The following code speaks the text " Hello World ".

var utterance = new SpeechSynthesisUtterance('Hallo Welt');
utterance.lang = 'de'; //Sprache auf Deutsch festlegen
speechSynthesis.speak(utterance);

voice recognition

The speech recognition functions are available through the class SpeechRecognition. First you create a new SpeechRecognitionobject. This can be configured by specifying, for example, the language or a grammar according to which the recognition should take place. About the start- method detection can be started. As soon as a result is available, a corresponding event is triggered through which the recognized text, possible alternatives and data for their confidence are available.

example

The following code outputs the spoken text in a message window.

var recognition = new SpeechRecognition();
recognition.lang = 'de'; //Sprache auf Deutsch festlegen
recognition.onresult = function (event) {
  if (event.results.length > 0) {
    alert(event.results[0][0].transcript); //erstes Ergebnis ausgeben
  }
};
recognition.start();

Browser support

Speech synthesis is available in Google Chrome from version 33, in Apple Safari from version 7, Opera from version 27 and Microsoft Edge from version 14. Mozilla Firefox theoretically supports speech synthesis from version 31, but the function is deactivated by default. Support from the operating system is also required. This was initially only available on Firefox OS (version 2.0 or higher), where the function is also activated. With version 42 support for Windows was implemented, with version 44 for Mac OSX and Linux, but still deactivated. From version 47, Firefox can use the function - if it is activated - internally in the reading view to read out websites. The function was activated by default with version 49.

Speech recognition works in Chrome and Opera, but still with a manufacturer prefix and without grammar support. Theoretically, there is also a partial implementation in Firefox, but the interface to allow speech recognition is missing, so that it can only be used in Firefox OS (from version 2.5).

For other browsers and older versions there are polyfills and alternative implementations with a comparable range of functions. These are either based on online services or are generated from existing programs by means of emscripts .

Individual evidence

↑ ^a ^b Chris Mills: Firefox and the Web Speech API. In: Mozilla Hacks. January 21, 2016, accessed September 8, 2016 .
↑ Can I use: Speech Synthesis API. Retrieved September 8, 2016 .
↑ Firefox 42 for developers. In: Mozilla Developer Network. Retrieved September 8, 2016 .
↑ Firefox 44 for developers. In: Mozilla Developer Network. Retrieved September 8, 2016 .
↑ Sören Hentzschel: Firefox 47 can read articles.

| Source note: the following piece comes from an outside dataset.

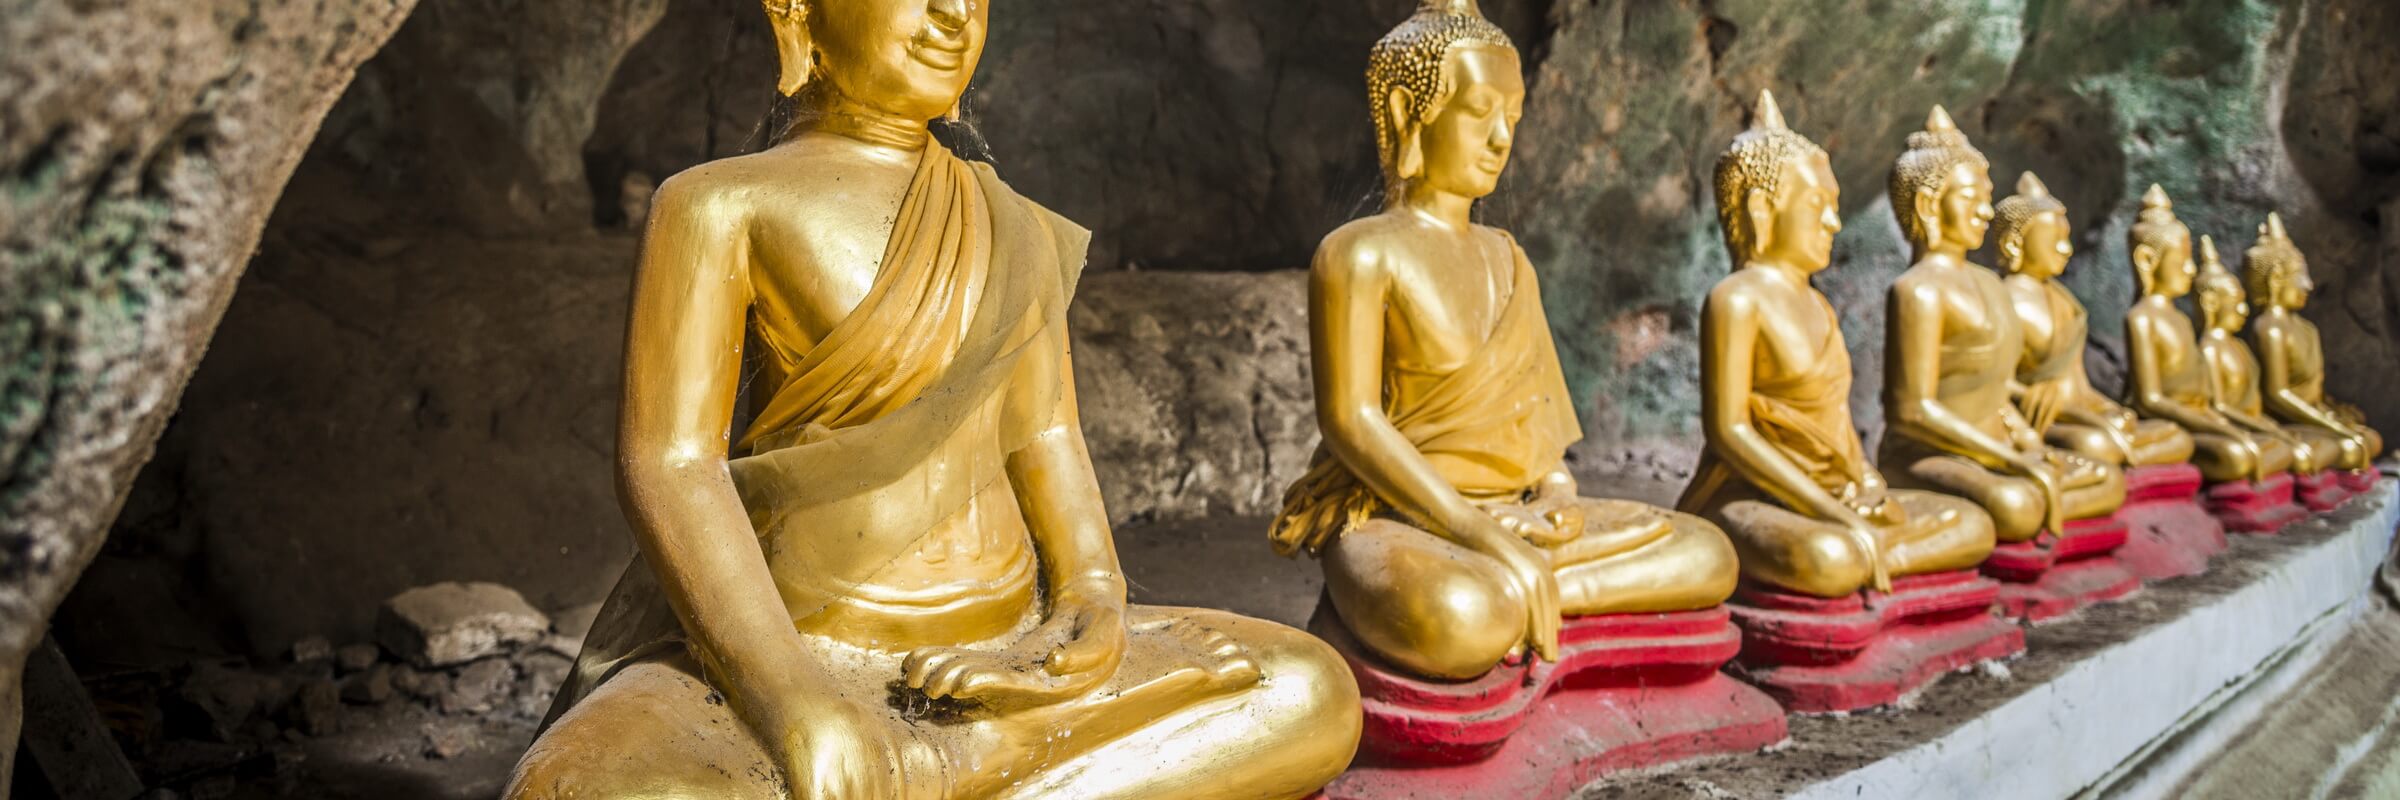 In den Pak Ou Höhlen befinden sich unzählige Buddha-Statuen, die dort über Jahre hinweg von Gläubigen dorthin gebracht wurden.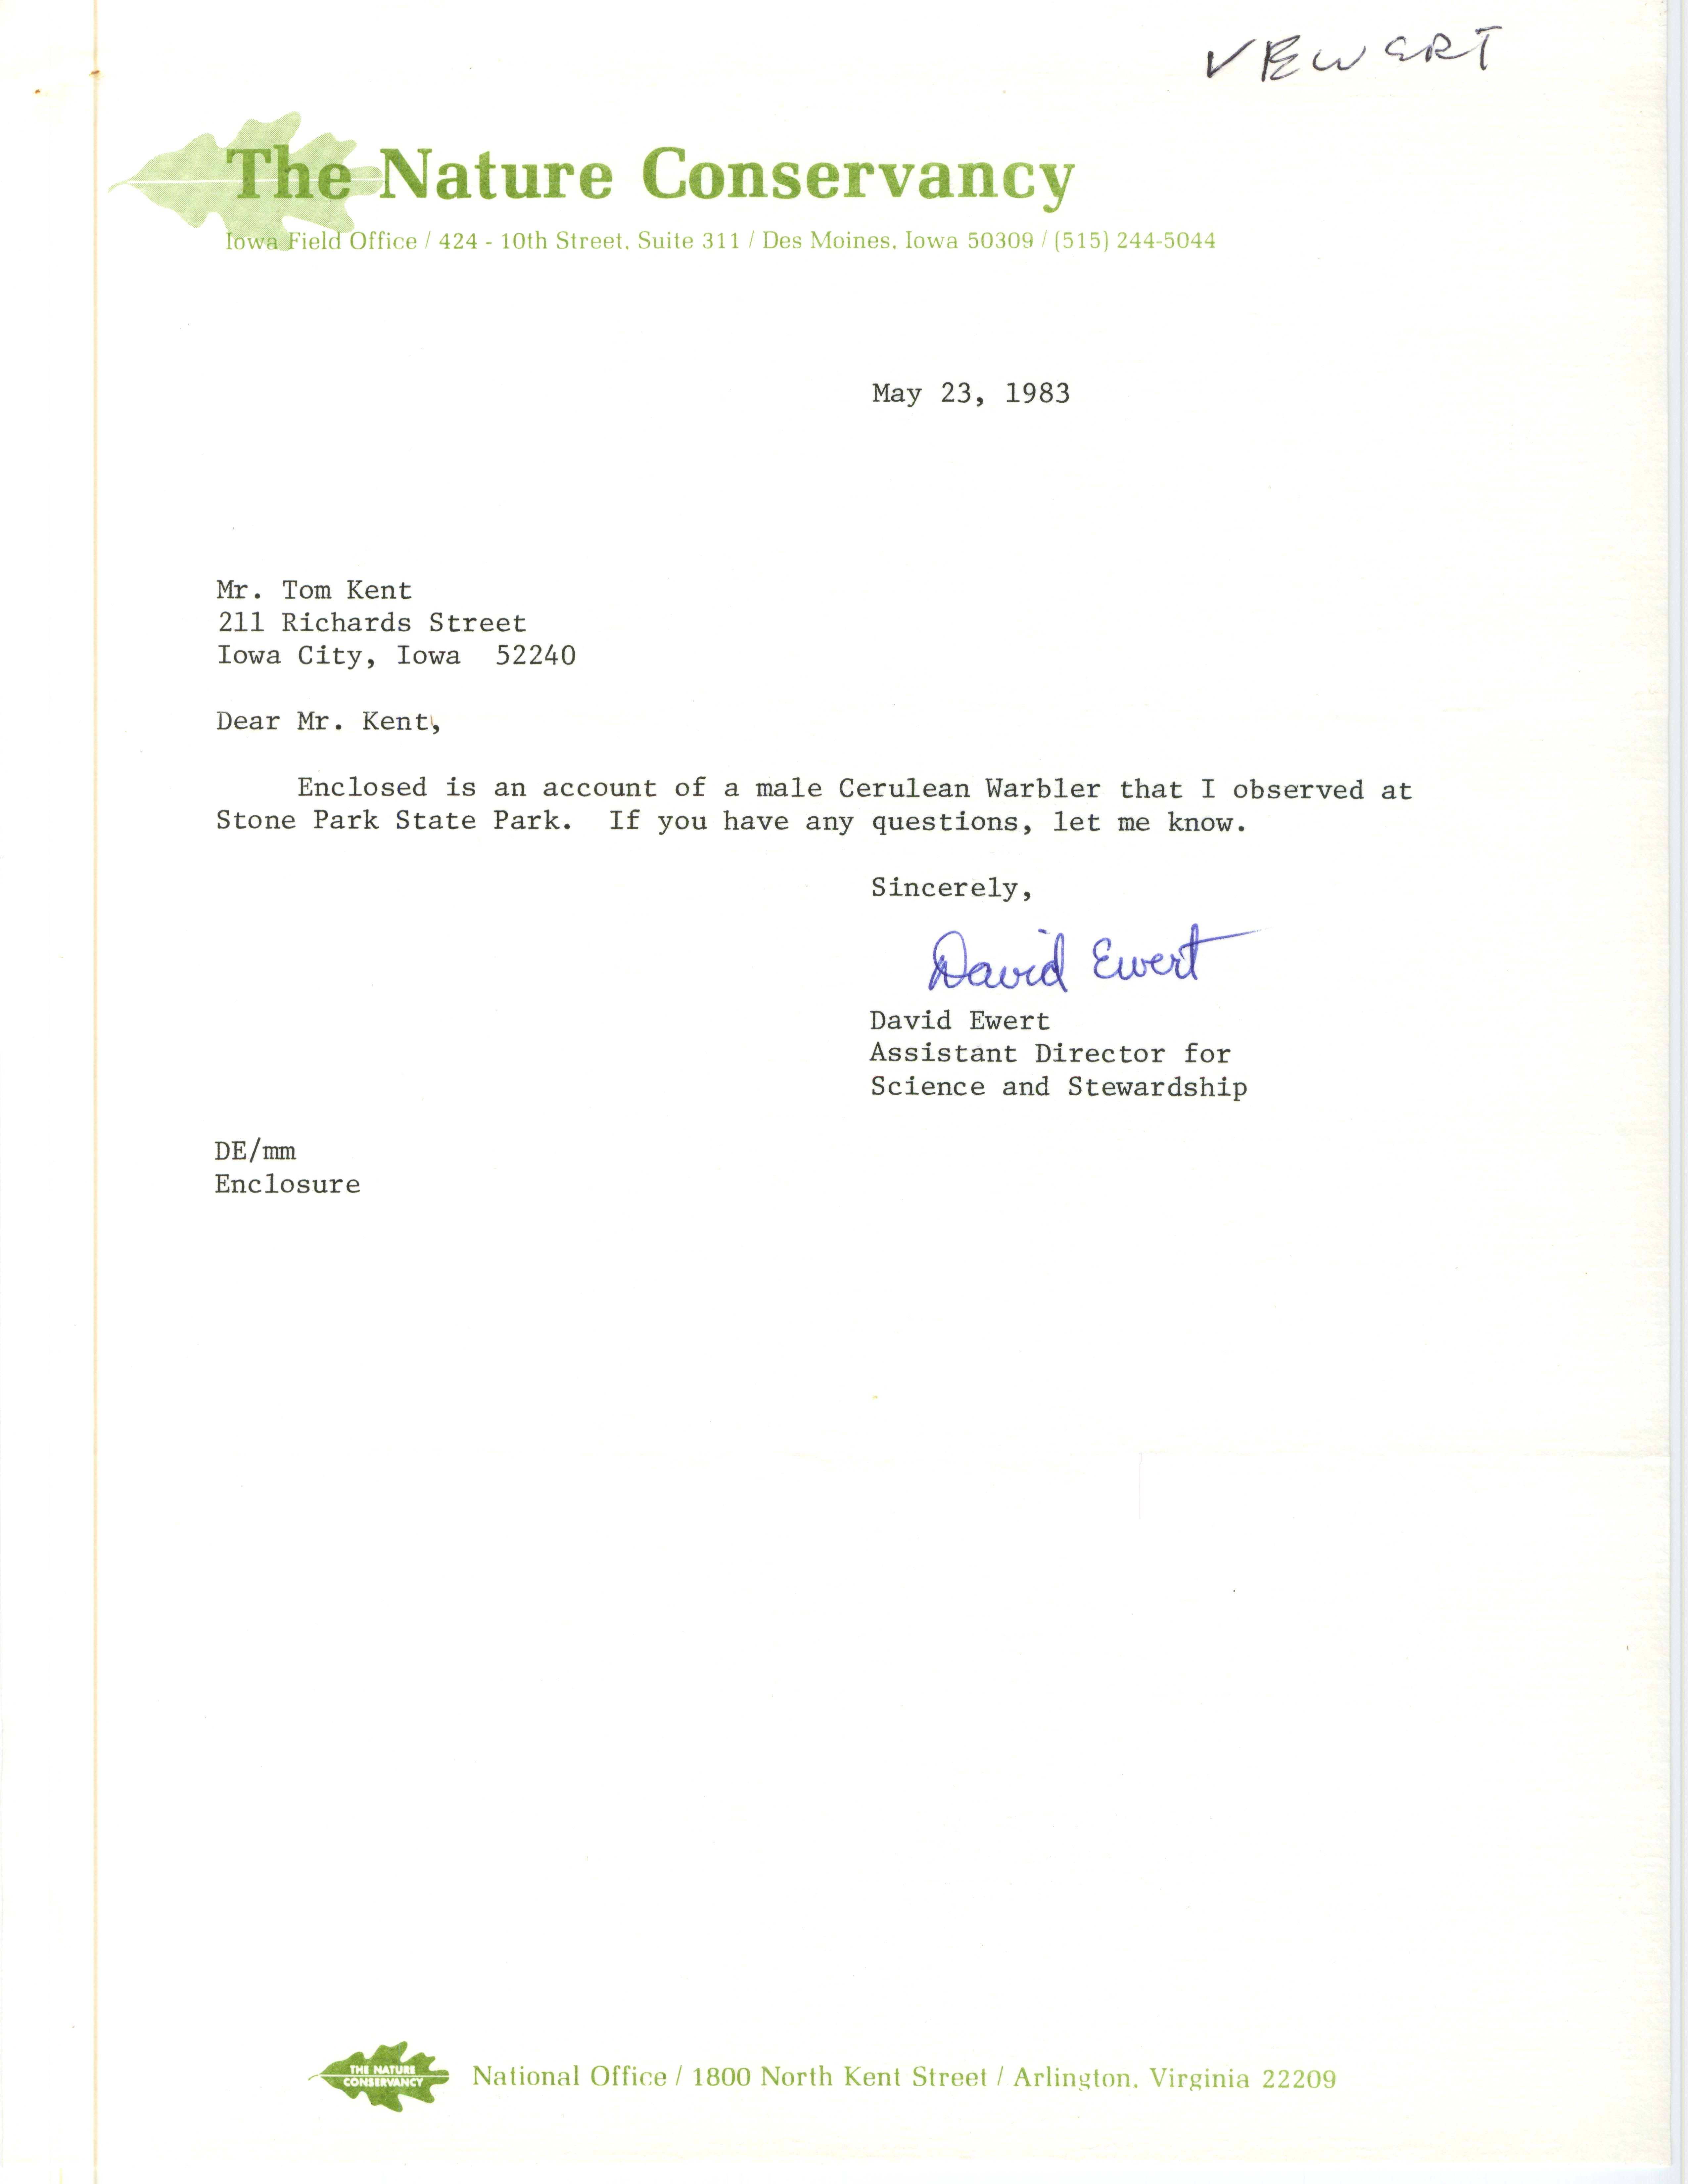 David Ewert letter to Thomas H. Kent regarding a Cerulean Warbler sighting, May 23, 1983

March 8, 2016, accessed September 8, 2016 .
↑ Firefox 49 for developers. Others. In: Mozilla Developer Network . Retrieved September 21, 2016 .
↑ janantala: speech-synthesis. In: GitHub . Retrieved September 8, 2016 .
↑ Norbert Landsteiner: meSpeak.js . syl22-00: Pocketsphinx.js . Retrieved September 8, 2016.

Web links

specification
Web Speech API in the Mozilla Developer Network

[:0-1] Chris Mills: Firefox and the Web Speech API. In: Mozilla Hacks. January 21, 2016, accessed September 8, 2016 .

[2] Can I use: Speech Synthesis API. Retrieved September 8, 2016 .

[3] Firefox 42 for developers. In: Mozilla Developer Network. Retrieved September 8, 2016 .

[4] Firefox 44 for developers. In: Mozilla Developer Network. Retrieved September 8, 2016 .

[5] Sören Hentzschel: Firefox 47 can read articles. March 8, 2016, accessed September 8, 2016 .

[6] Firefox 49 for developers. Others. In: Mozilla Developer Network . Retrieved September 21, 2016 .

[7] tala: speech-synthesis. In: GitHub . Retrieved September 8, 2016 .

[8] Norbert Landsteiner: meSpeak.js . syl22-00: Pocketsphinx.js . Retrieved September 8, 2016.